1941 год. Начало Великой Отечественной

 

 

 

«Меня, Чиркова Михаила Ивановича, взяли 30 июня, самого первого из нашей деревни. Взяли по списку, даже не было повестки. Подошла колхозная машина, посадили нас и повезли до Велижанского военкомата. Проверили, повезли до Тюмени. Признали годными и того же дня посадили на вагоны и повезли по московскому тракту…

 

 

 

Не довезя до фронта километров двадцать, нас проверили, кто и как способен или нет идти в бой. Кто проходил армию, кто нет… Поучили кое-что дня два, рассказали, как стрелять и как воевать, и сразу на фронт. Через несколько времени подошли наши части к месту расположения. Хотели отдохнуть и пообедать. Стали кое-что варить кухни. Немец заметил и давай по нам бомбить: разбил наши кухни, кое-кого побило и поранило, и не дал нам пообедать…

 

 

 

И мы гнали врага километров семь-восемь. Немец тикал крепко, и бой шёл несколько времени. А место было всё ископанное: и лога, и везде траншеи, и окопы всякие. Мне с пулемётом тащиться трудно, мы устали.

 

 

 

Уже время было после обеда, хотели покушать кое-что. Сухой паёк всегда давался на два дня во время боя. Мы расположились – все три расчёта станковых пулемётов. Но бой шёл со всех сторон: и наши бьют, и враг бьёт.

 

 

 

Слышим – летит-жужжит. Я лежал с самого края, бах – снаряд недалеко от меня.
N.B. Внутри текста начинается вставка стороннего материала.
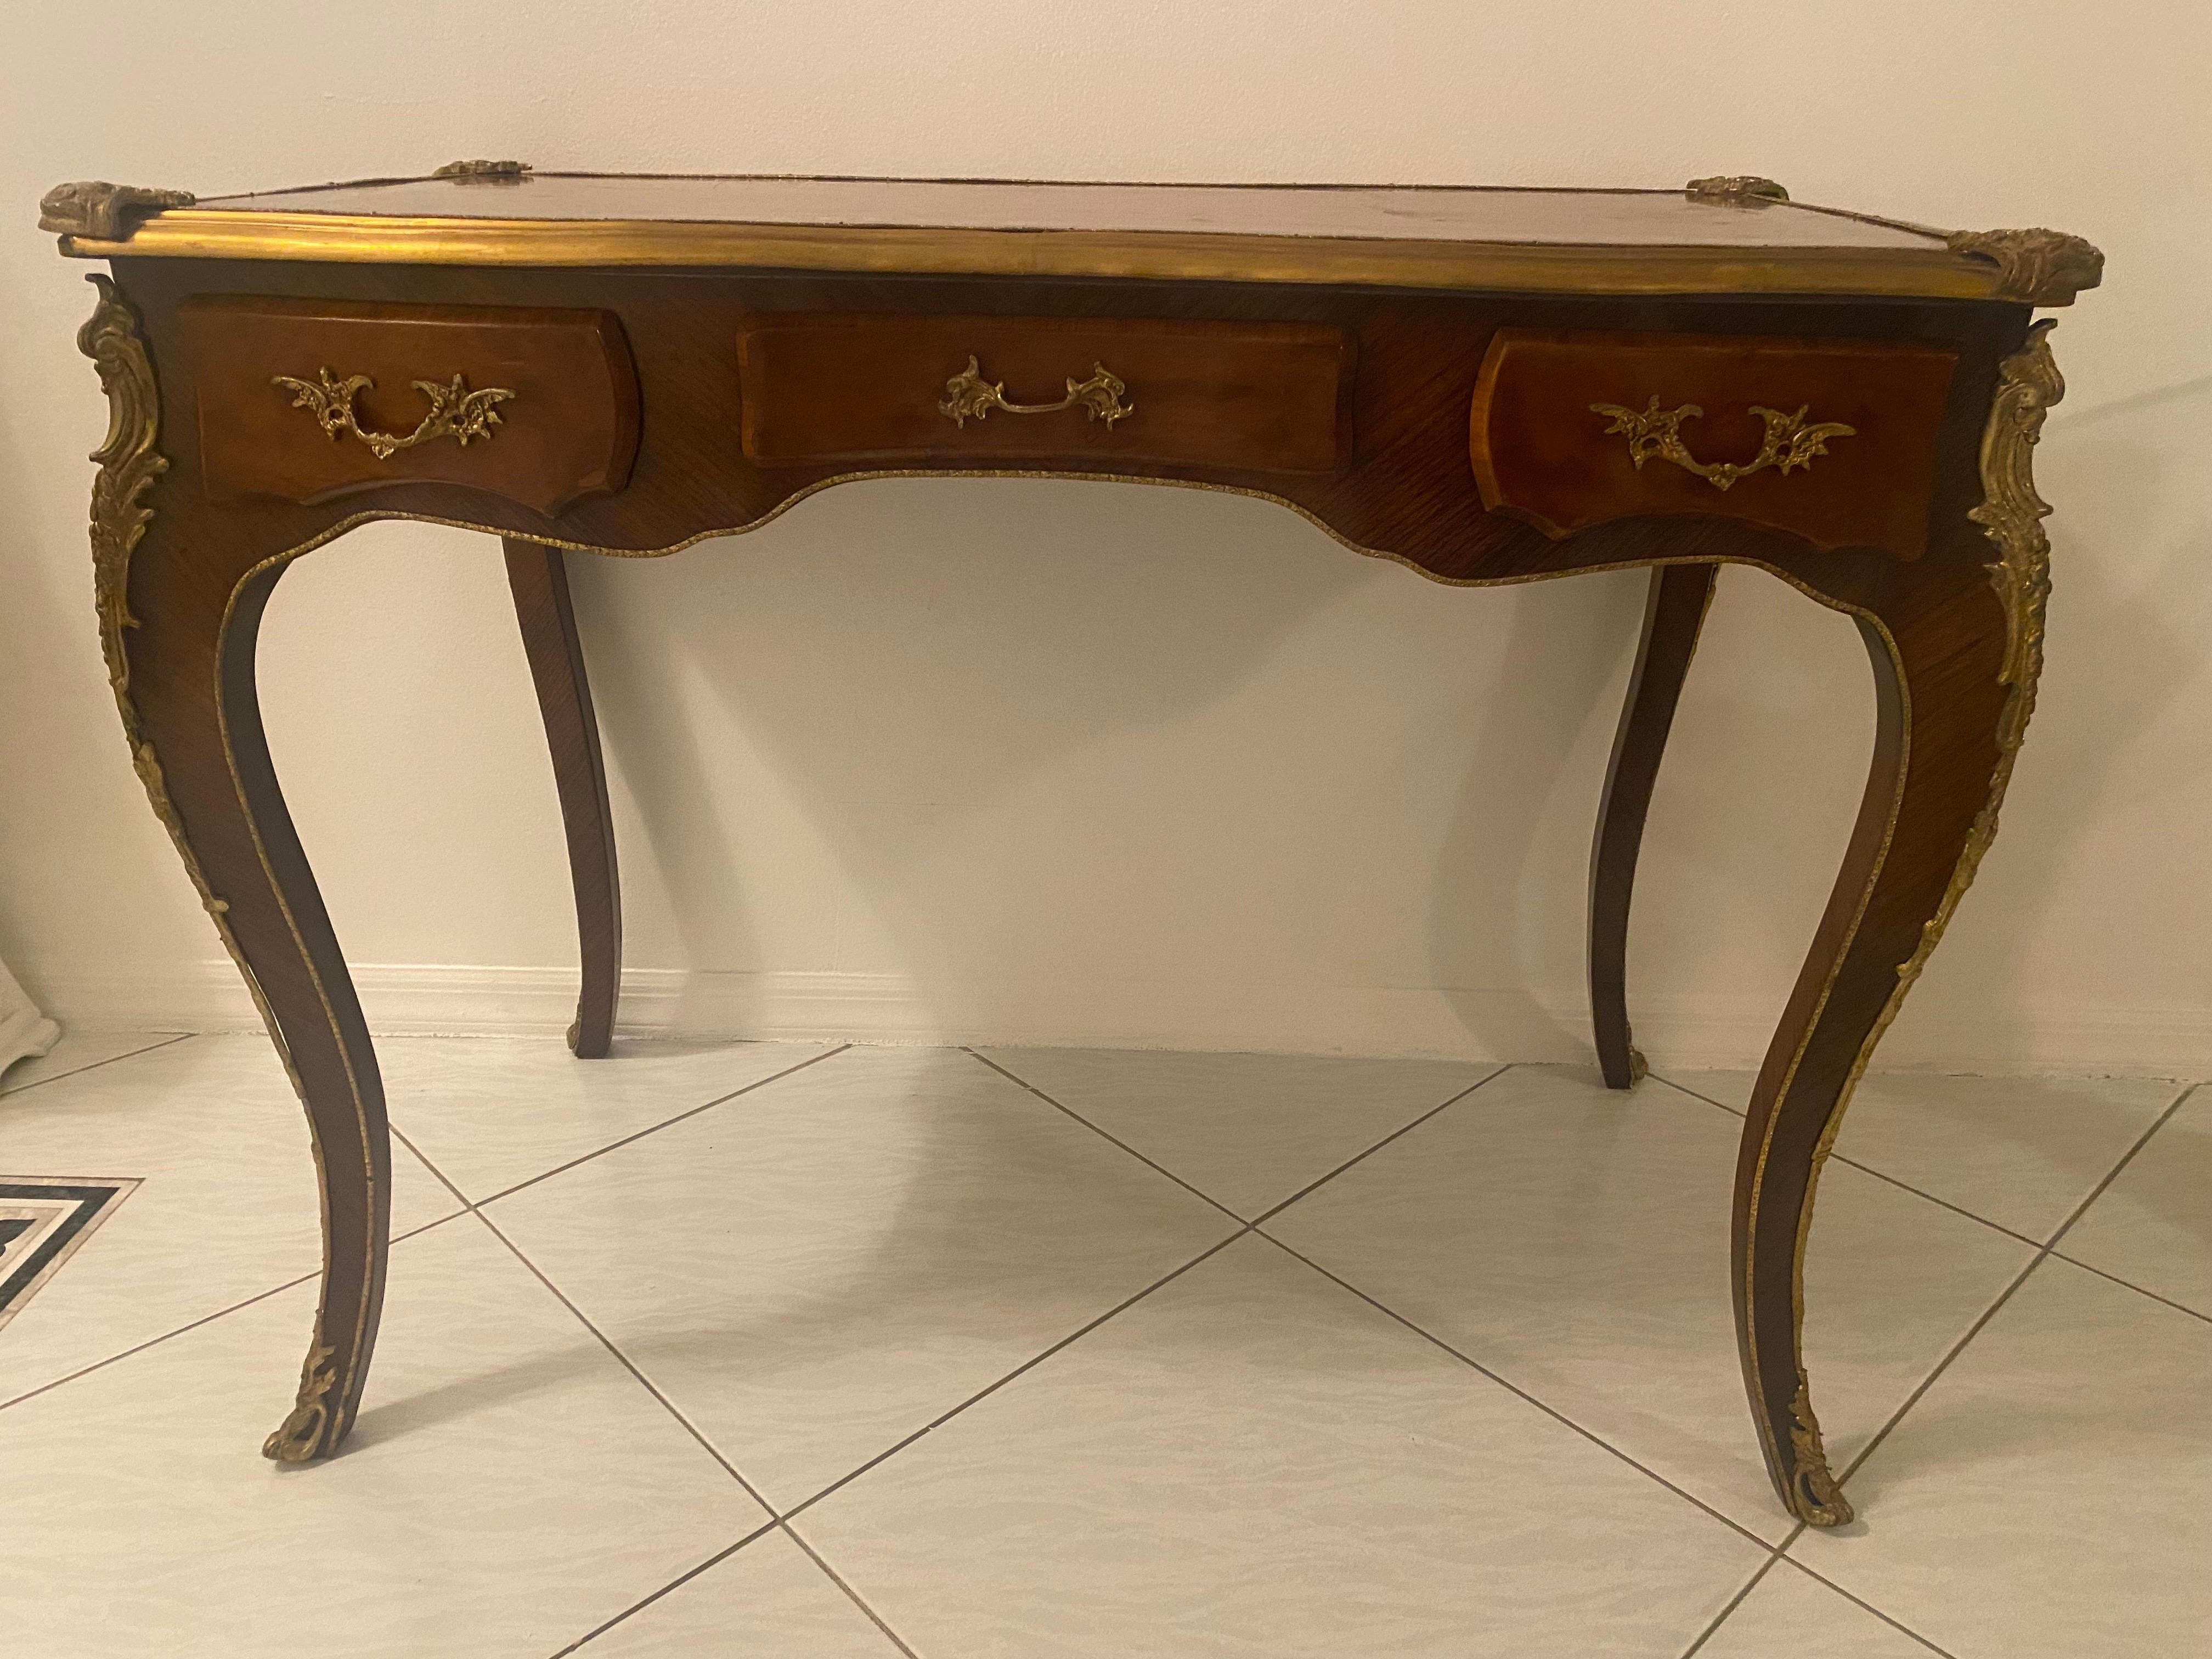 A perfect example of the Bureau Plat.

French Empire style desk with wood marquetry and gilt metal mounts at all angles. This piece features three working drawers on the front with three faux drawers on the back. The superb gilt metal hardware is on

Меня оглушило и осколком перебило мне левое плечо, рука повисла. Товарищи сразу подбежали, меня подняли, перевязали. Дотащились до санчасти к вечеру. Санчасть была на поле боя, в палатках. Меня снова перевязали и положили в палатке. Это было 27 августа 1941 года. В сумерках подогнали машины, стали нас грузить… Потом меня отправили дальше, в тыловой город Казань. Здесь пришлось лежать очень долго: всего пять с половиной месяцев…»

 

 

 

И снова на линию фронта

 

 

 

«Через несколько времени кое-кого направили на военную комиссию, и меня признали негодным к строевой службе, но домой всё же не отпустили, потому что были большие бои, и враг жал крепко: всё занимал наши города или наступал.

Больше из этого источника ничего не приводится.